骡车夫便请二人跟去拣选,他自己却立在柜台边和那夫妻俩讲话,好像很熟识的。秀芳等跟着伙计进去,见还有两间上房空着,二人遂拣定东边一间,吩咐伙计将车上包裹拿来。奇英走出去,却见骡车夫向大汉等在那里低低地不知说些什么,见奇英走来,妇人便努努嘴,都不响了。骡夫也到外面去服侍他的牲口。
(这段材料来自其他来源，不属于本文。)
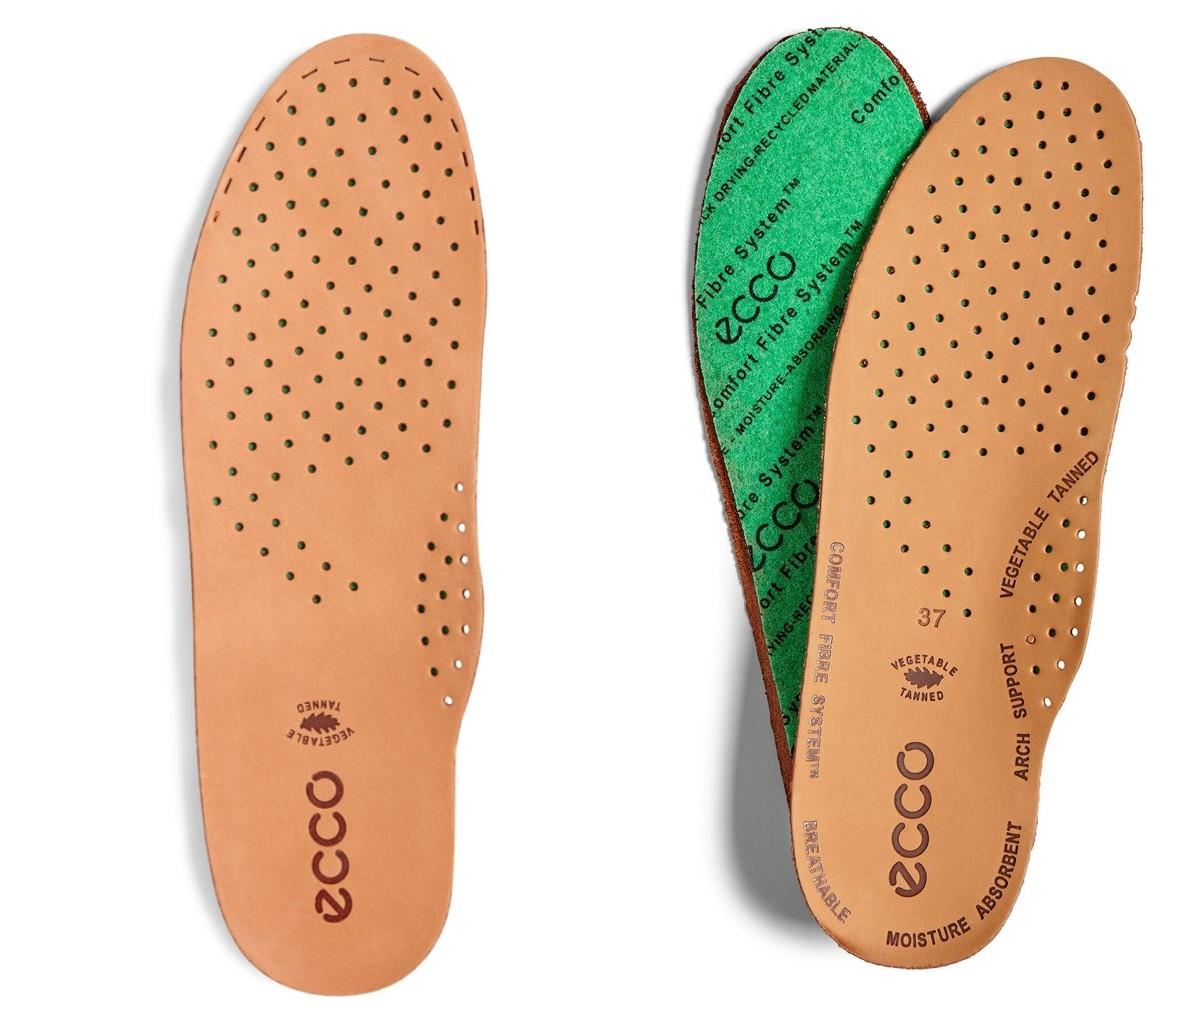 Ecco Leder Einlage * Beratung und Tipps zu diesem Produkt erhalten Sie im Geschäft

奇英心里有些疑惑,取了包裹进来,暗对秀芳说道:“今夜说不定我们或有危险。”
秀芳道:“你怎么得知?”
奇英遂将骡夫鬼鬼祟祟的情状告知秀芳,秀芳却笑道:“妹妹不要过分疑心人家。或有其他事情,也未可知。难道他们要想诡计来害我们么?凭着我们两口宝剑,管教杀得他们马仰人翻。”
奇英摇手道:“姐姐,说话轻些。骡夫本是一个歹人,和他相识的自然都是同道,这店开在这个荒落地方,大使人疑。况且你不见那大汉和妇女么,谅他们一定有些本领的。此店或是黑店,要杀害旅客。我们两个人不可不防。今宵夜饭最好不去吃他,且静候着,看他们怎样下手。”
秀芳道:“我不及妹妹精细,依你便了。”
等到上了灯,两人在院子中散步,见旅客甚少,只有五六人,骡车夫不知到哪里去了,独剩大汉一人,仍坐在柜台里。两人回到房中,伙计早送上夜饭,问二人可要喝酒,奇英摇摇头说道:“我们不要,你且出去,少停添饭可来喊你。”
伙计答应一声是,退出去了。两人遂把饭和菜暗暗倒在铺后,秀芳笑道:“我这肚子今番要委屈它饿一夜了。”
奇英道:“宁可这样,若中了毒时,性命也保不住呢。”便喊伙计进来收去残肴,关上房门。
奇英在房中四面一相,没有什么破绽。两人遂盘膝对坐在炕上,养了一会儿神。听外面人都睡了,秀芳遂起身从包里掣出两把剑来,一把递与奇英,大家预备着,不则一声。只听得外面村狗接二连三地狂吠和骡马嘶叫的声音。看看没有动静,秀芳见奇英正提着神向房门口地上细瞧,不觉有些好笑,暗想,捣鬼了,不要我们白守一夜么?却见奇英指着那地方,意思叫她看。秀芳跟她一看,只见那地板好像有人在那里顶动,也忙一眼不瞬地注视着。地板渐渐高起,忽然一阵阴风,地板顿时开了一个方穴。奇英早拔出剑来,跳过去守在地穴边,便有一个毛发蓬松的人头攒上,被奇英趁势一剑削去,正中脑袋,骨碌碌地滚下去了。接着又有一把钢叉伸出来,奇英抢住钢叉,向下使劲一摔,只听哎哟一声,不响了。秀芳见奇英对付得爽快,十分高兴,也跳将过来。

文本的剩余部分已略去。